TASK INSTRUCTIONS ::
All of the data below should be printed again word for word, pictures excluded.

DATA BELOW ::
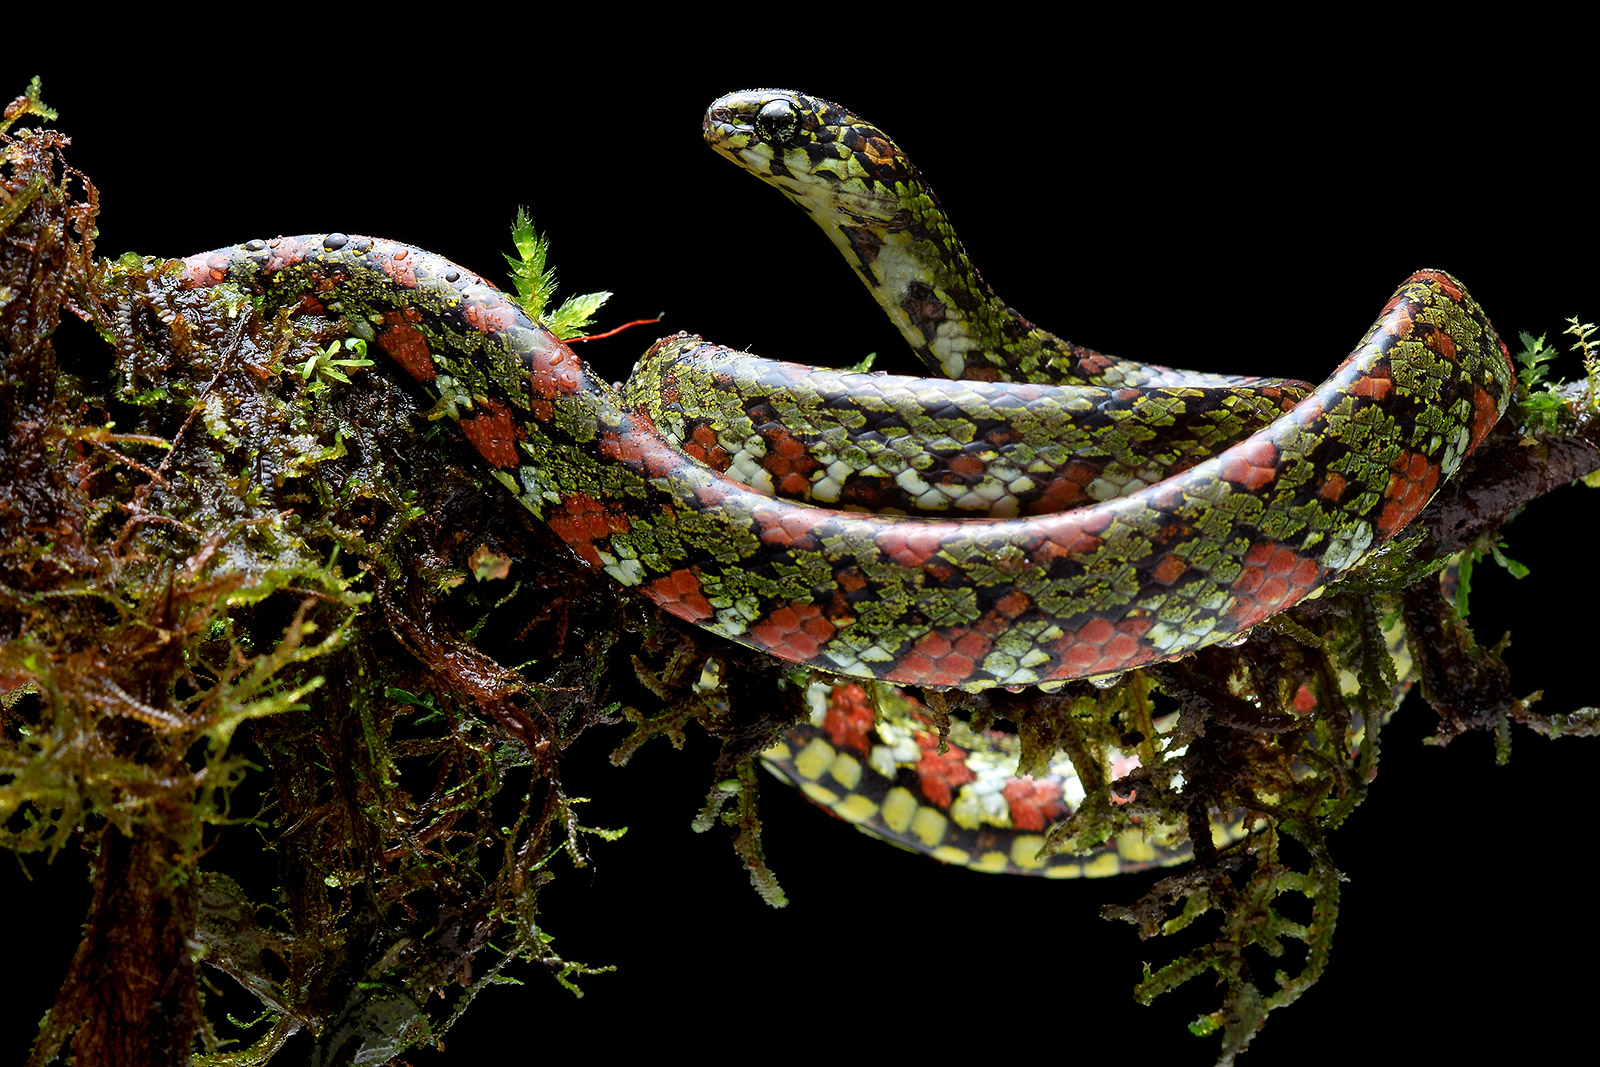 Image showing an individual of the snail-eating snake Sibon ayerbeorum
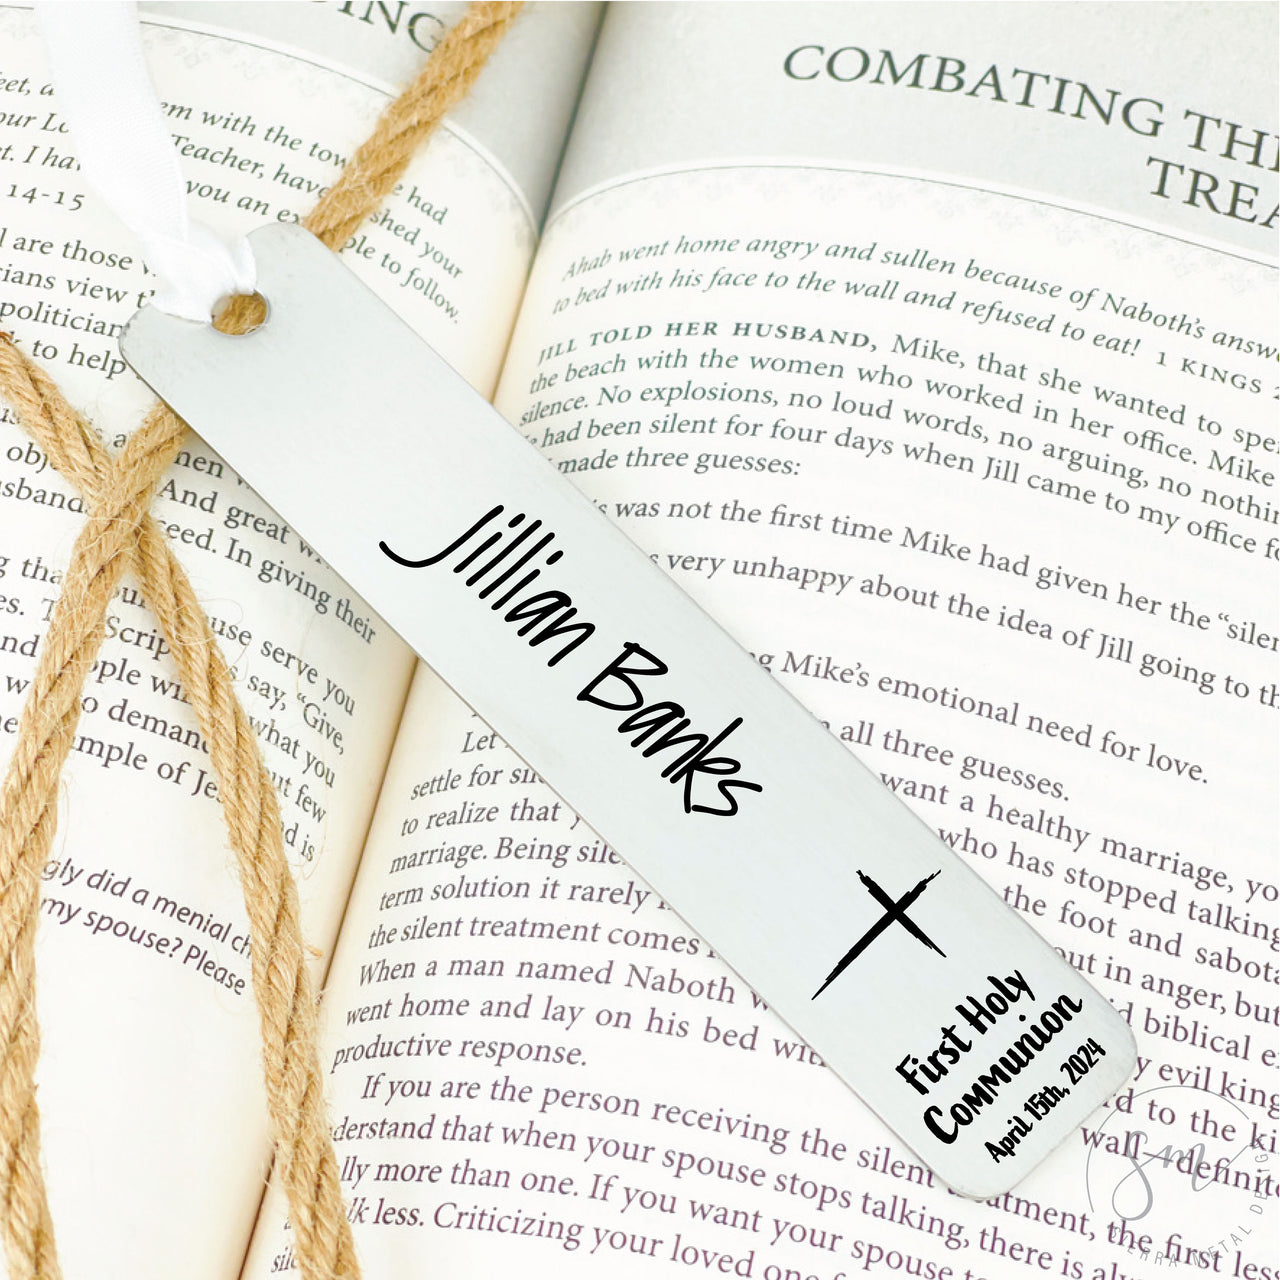 First Communion Bookmark
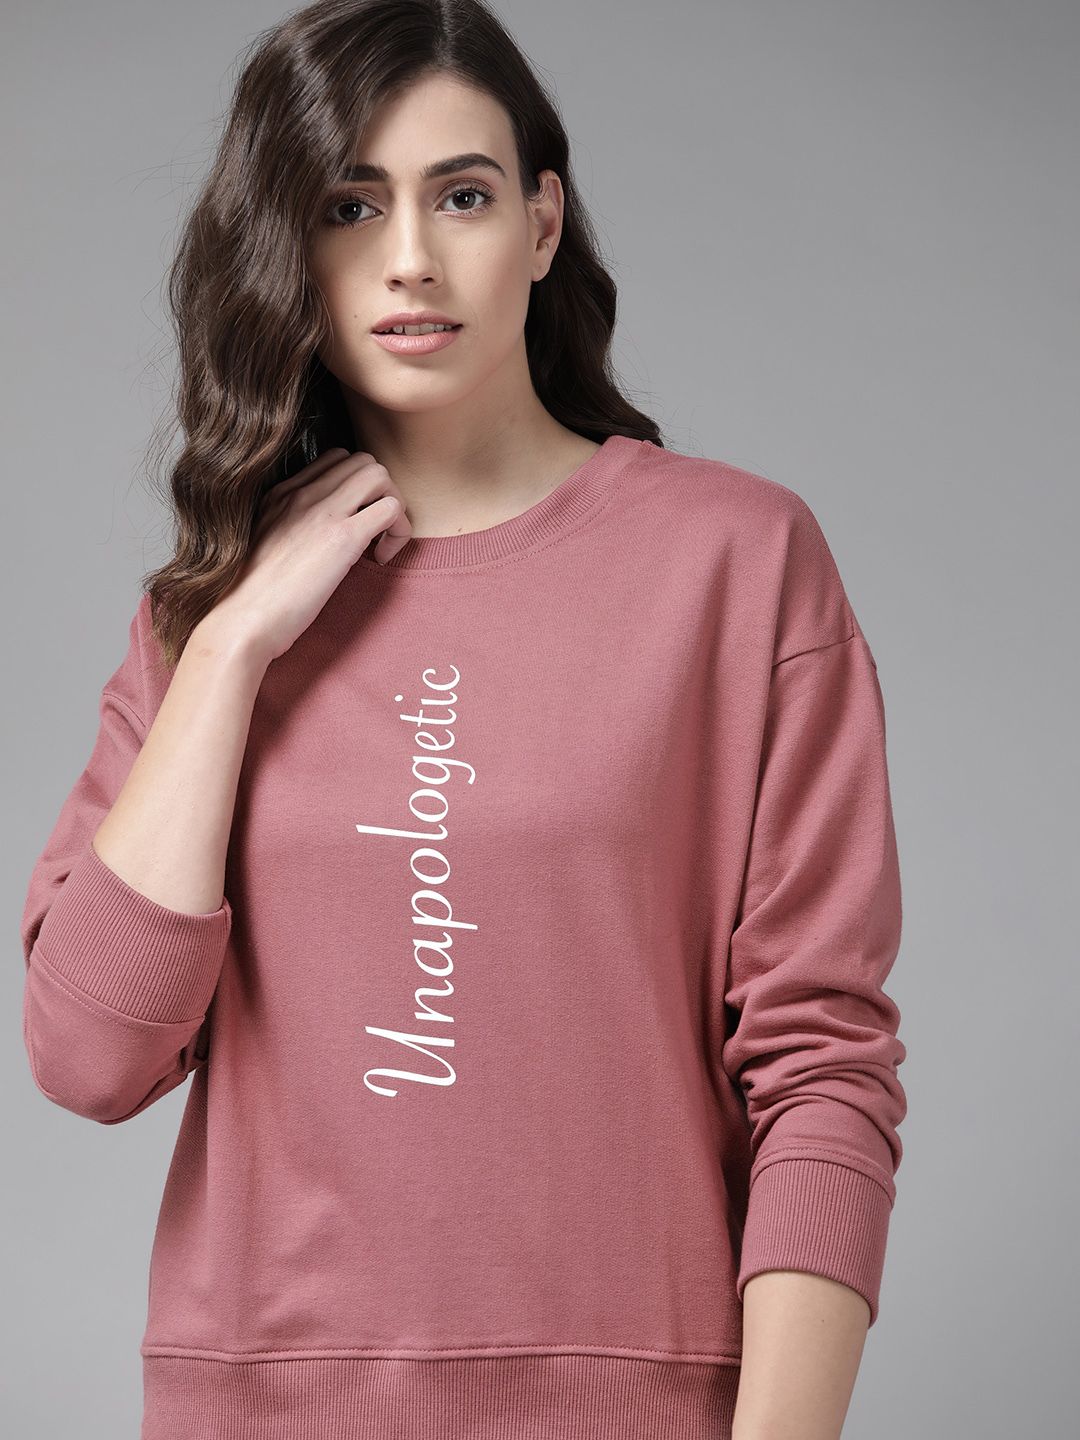 Roadster Women Pink & White Typography Print Sweatshirt Price in India
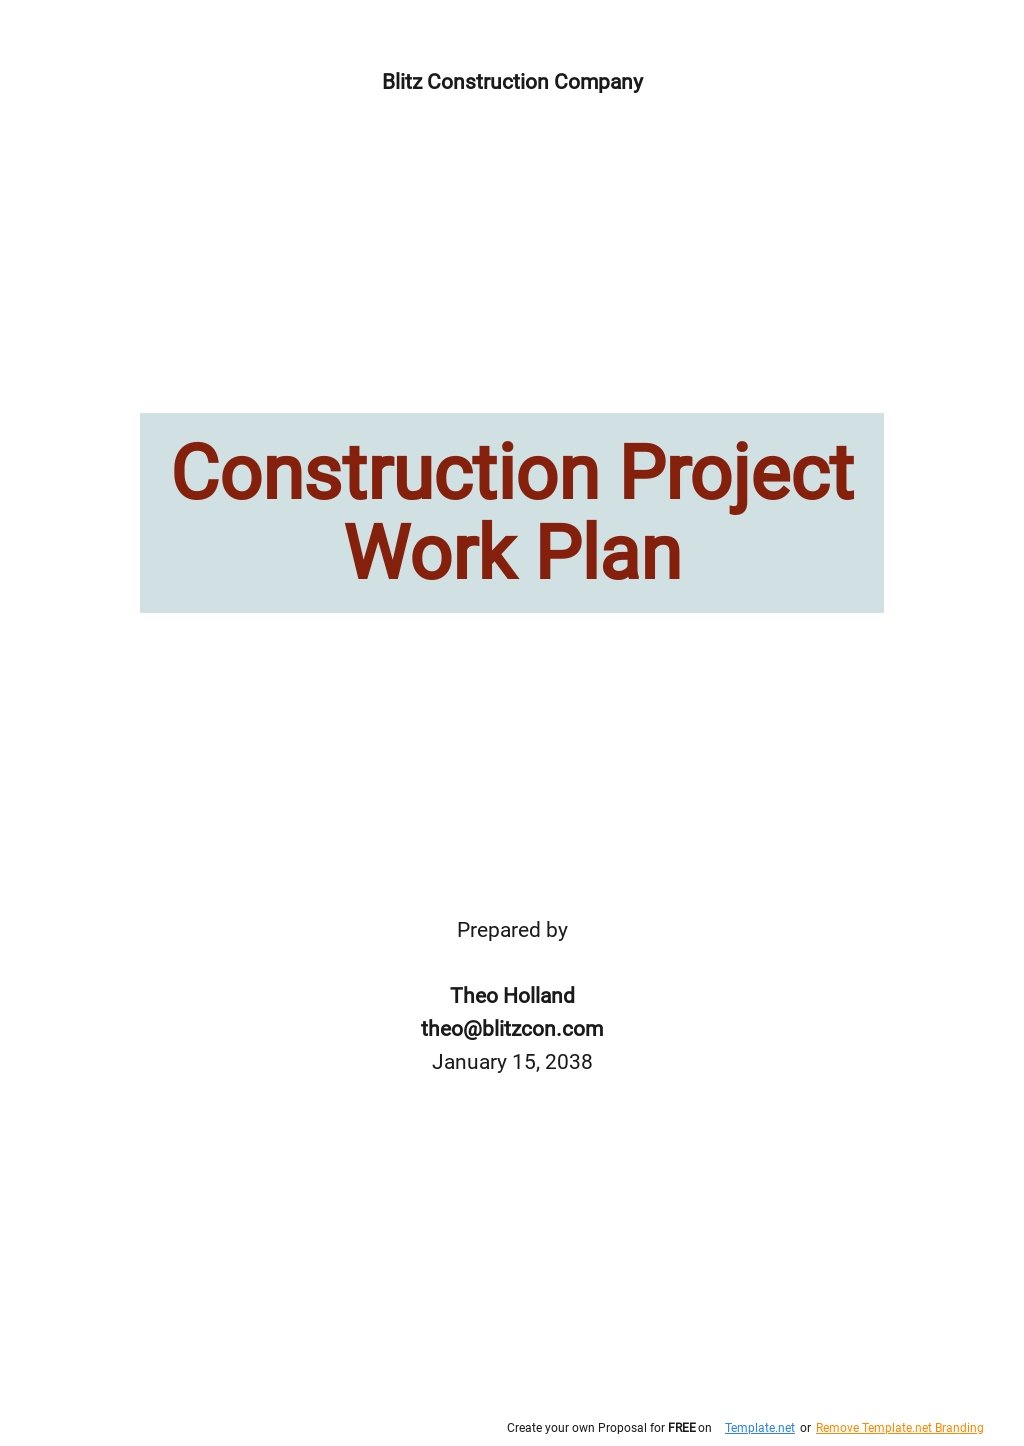 Construction Project Work Plan Template - Google Docs, Word, Apple ...

ANSWER AREA ::
 Image showing an individual of the snail-eating snake Sibon ayerbeorum
 First Communion Bookmark
 Roadster Women Pink & White Typography Print Sweatshirt Price in India
 Construction Project Work Plan Template - Google Docs, Word, Apple ...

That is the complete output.